In each of these cases, making a positive impact on people’s lives is very important to you.

Unfortunately, today’s healthcare isn’t designed to show you the real impact of your work. After the patients leave the hospital, every trace is lost.

The most you can expect is an outcome chart, but it will only show numbers, not the real impact. You will not feel the patient’s appreciation and positive energy simply by looking at numbers.

Are you wondering how slow medicine helps with this?

Dr. Jeff Kane described this best in his podcast about “outcomes”:

You wonder why we didn’t emphasise outcomes decades ago? Well we did, when healthcare was simpler, when it involved just practitioner and patient in a relationship that lasted longer than 15 minutes. As that relationship went on, the outcome was continuously obvious. 

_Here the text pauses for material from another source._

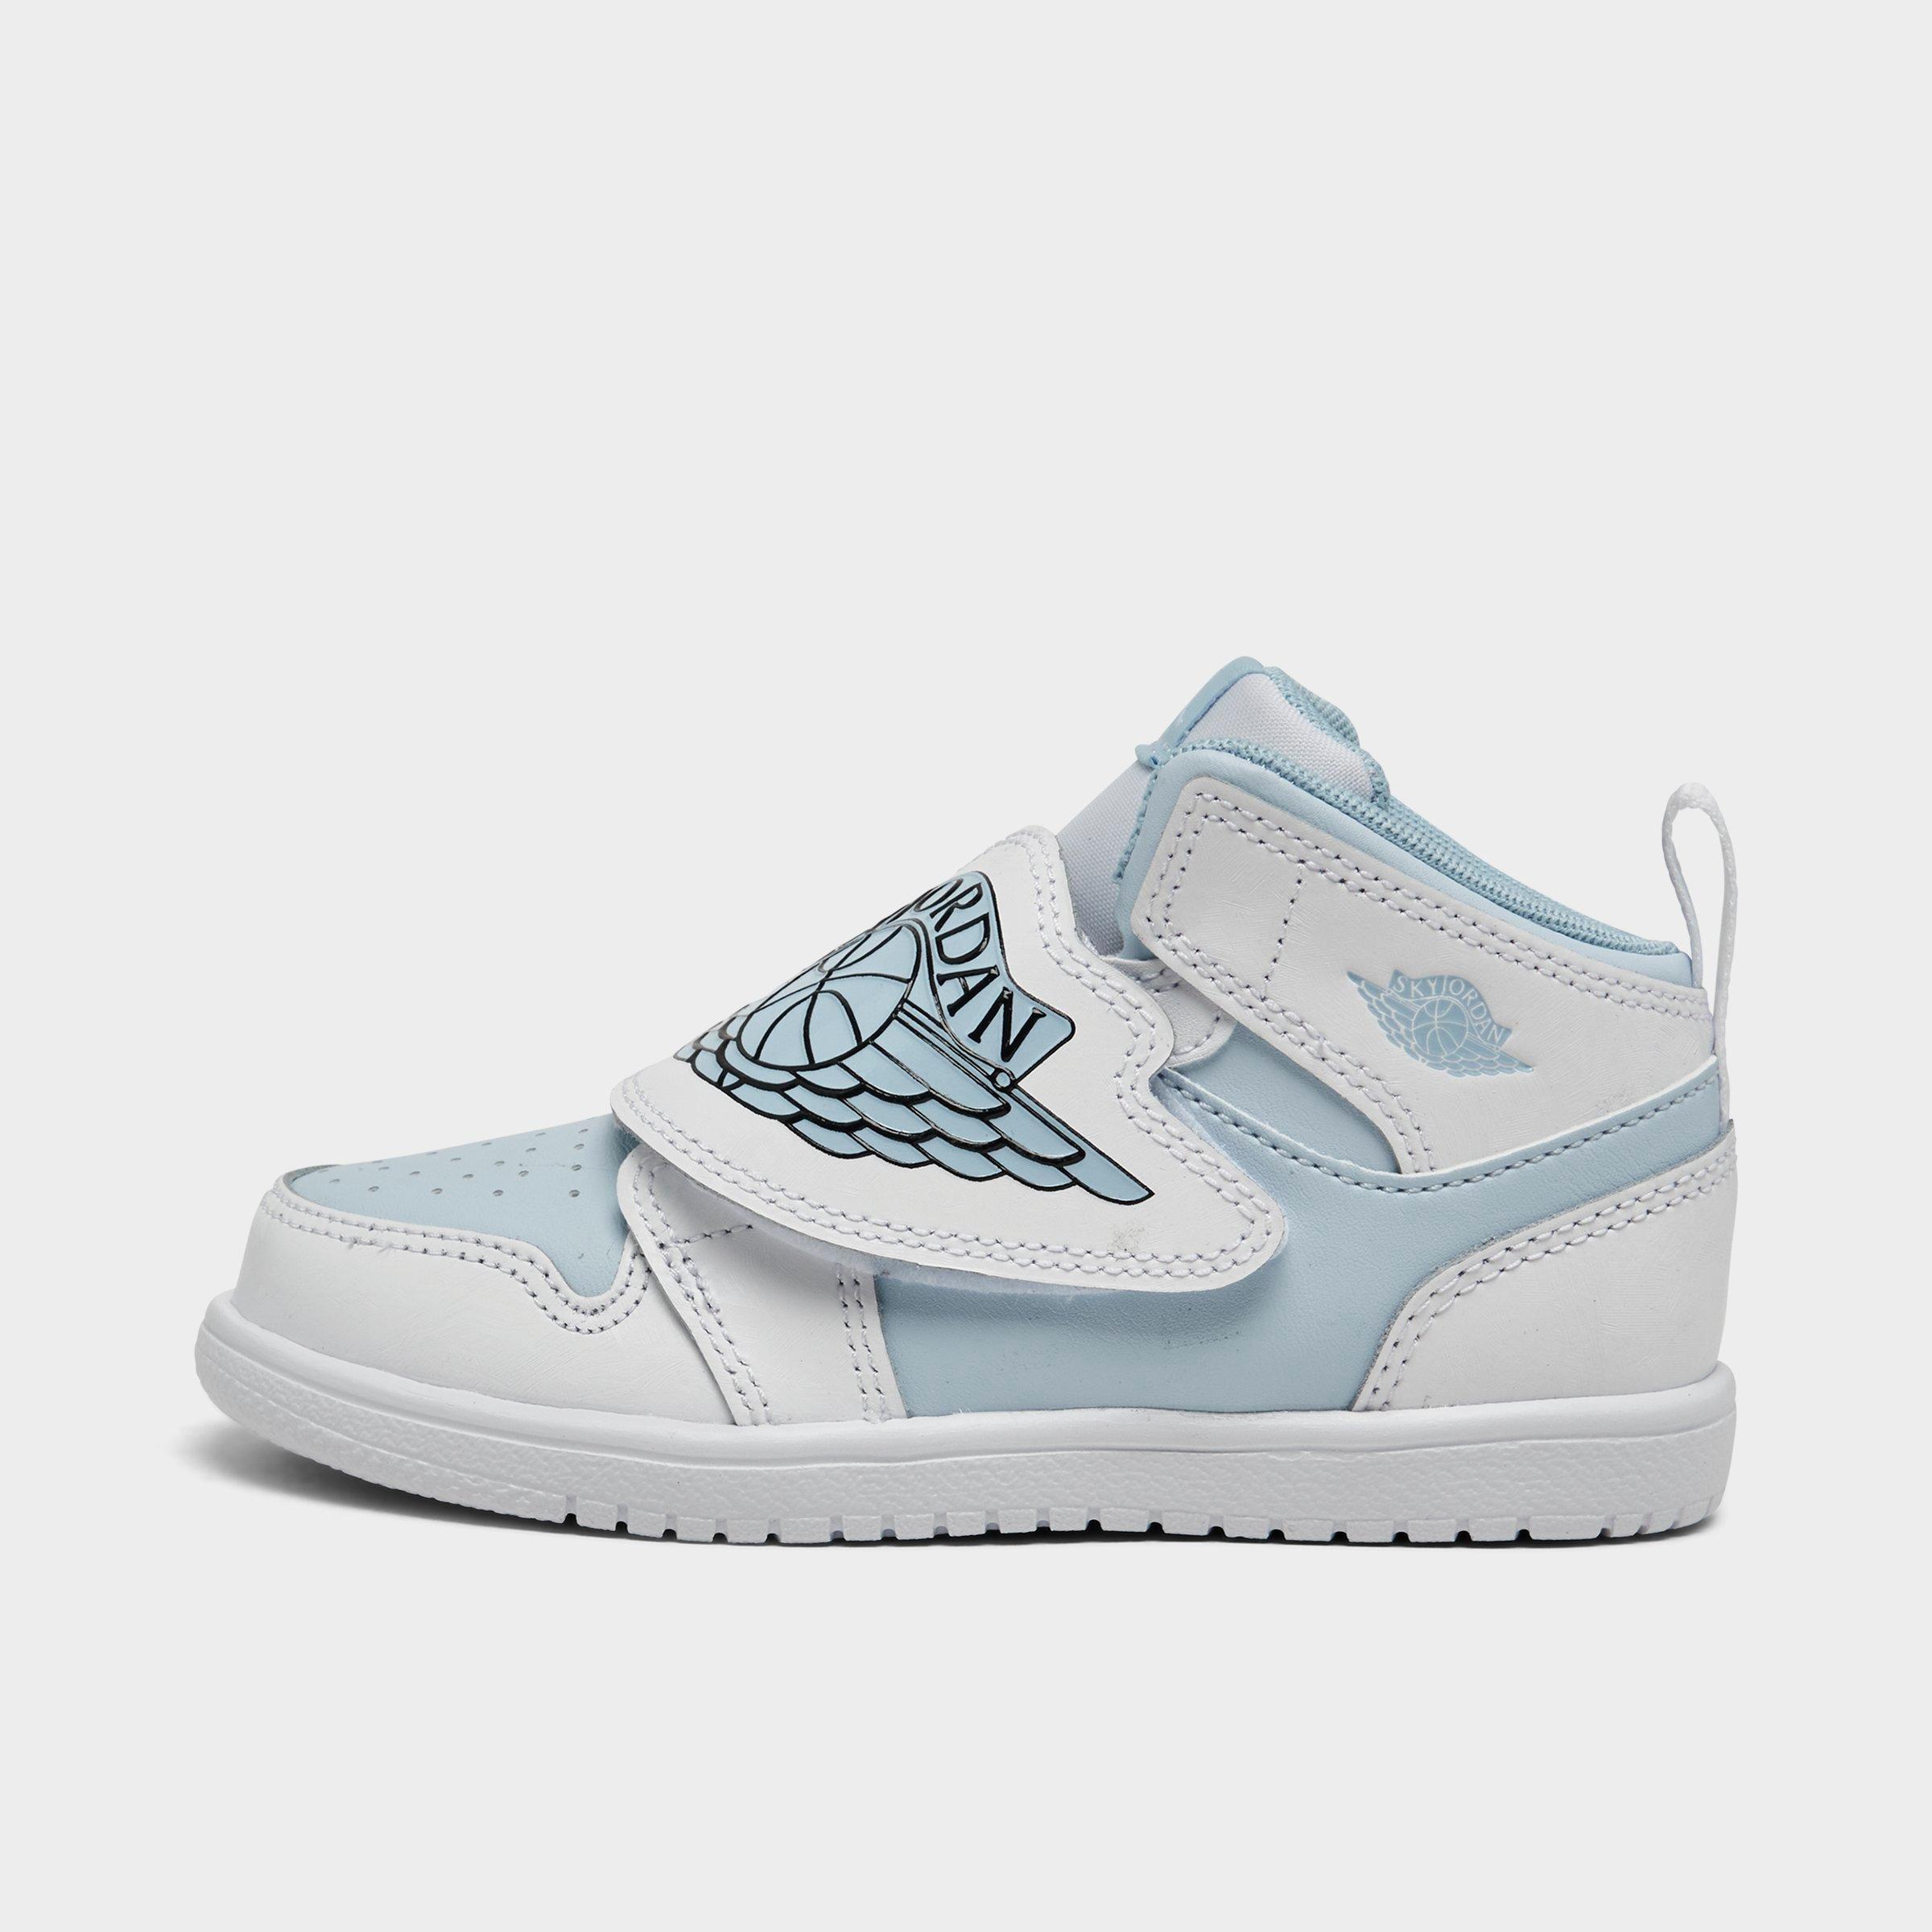 Nike Babies' Girls' Toddler Air Jordan Sky Jordan 1 Casual Shoes In Blue Tint/white/ice Blue

He actually speaks about slower relationships and medicine where doctors and patients maintain their contact without intervening third parties.

In such relationships, you get important updates from patients and you are always aware of how treatments affect them in the long term.

You hear from your patient not just when something goes wrong, but also in those more gratifying situations—when you helped them to remove the biggest obstacles from their lives.

Heal slower, reap the benefits

Despite what you hear, slow medicine isn’t quackery or something new and unrealistic.

It is a doctrine that improves your ability to facilitate healing, and the way you feel about yourself while you are following your life’s path.

And healing is the ultimate outcome of an effective patient-doctor relationship, isn’t it?

If you decide to go with it, you don’t need to label yourself as a slow medicine practitioner or brag about it.

None of the doctors we mentioned in this post do that. They just get on with it.

They’ve made a choice to invest time in maximising the learning opportunity they had about each patient’s unique situation to discover the best ways to help them heal.

It works today just like it worked 50 years ago, it works in America just like it works in every other corner of the world.

Why wouldn’t it?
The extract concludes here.